They can't because their costs are much higher. They have the largest cell network in the US. That costs millions more every year to build and maintain. They spend millions more every year on call quality measurements and on customer service. Yes they have shareholders, who expect a return on the very large investment that they have made. Want the best service ....That's what it costs.

----------

Quote:
Originally Posted by jdechko View Post
Not to mention you can get a nicer car for the same amount and/or get a new car every few years.
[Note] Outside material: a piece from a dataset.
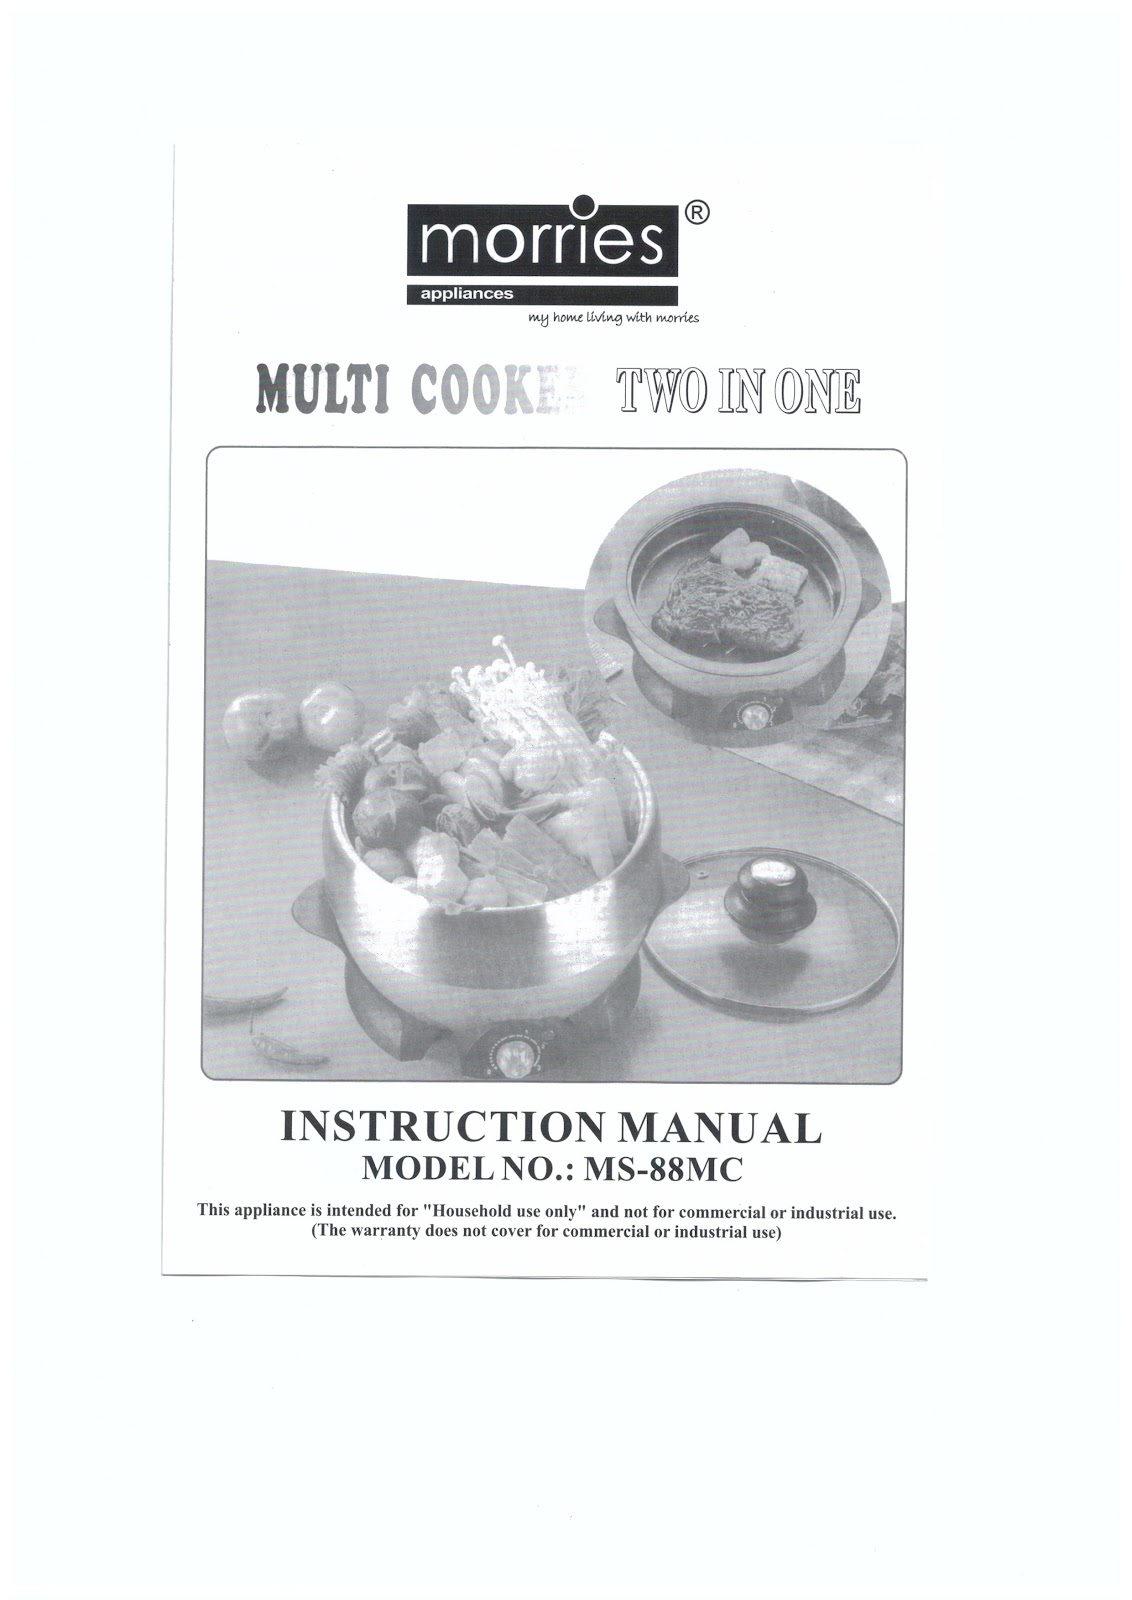 bosch power mixx 800w instruction manual

The whole idea of leasing a phone doesn't inherently turn me off. It's the double-speak from the carriers. In the traditional model, about $20/month went to paying for the phone subsidy ($650 for a 16GB phone - $200/ 24 months = about $20/month).T-Mobile's plan reduces the monthly service by that $20 once the phone is paid for. From everything I've read, AT&T and Verizon don't, even though for years we were told that part of our monthly service fees covered the phone.

I don't have an issue with the idea of renting/ financing of a cell phone.

I don't have an issue with paying for goods & services.

I DO have an issue with paying for the same thing twice.
What if are we not paying for the same thing twice? What if that extra is to cover the cost that you don't have a contract and as such are not a committed source of income. Compare a apartment on a month to month agreement and a lease. The Month to month is higher because you are not a committed source of income.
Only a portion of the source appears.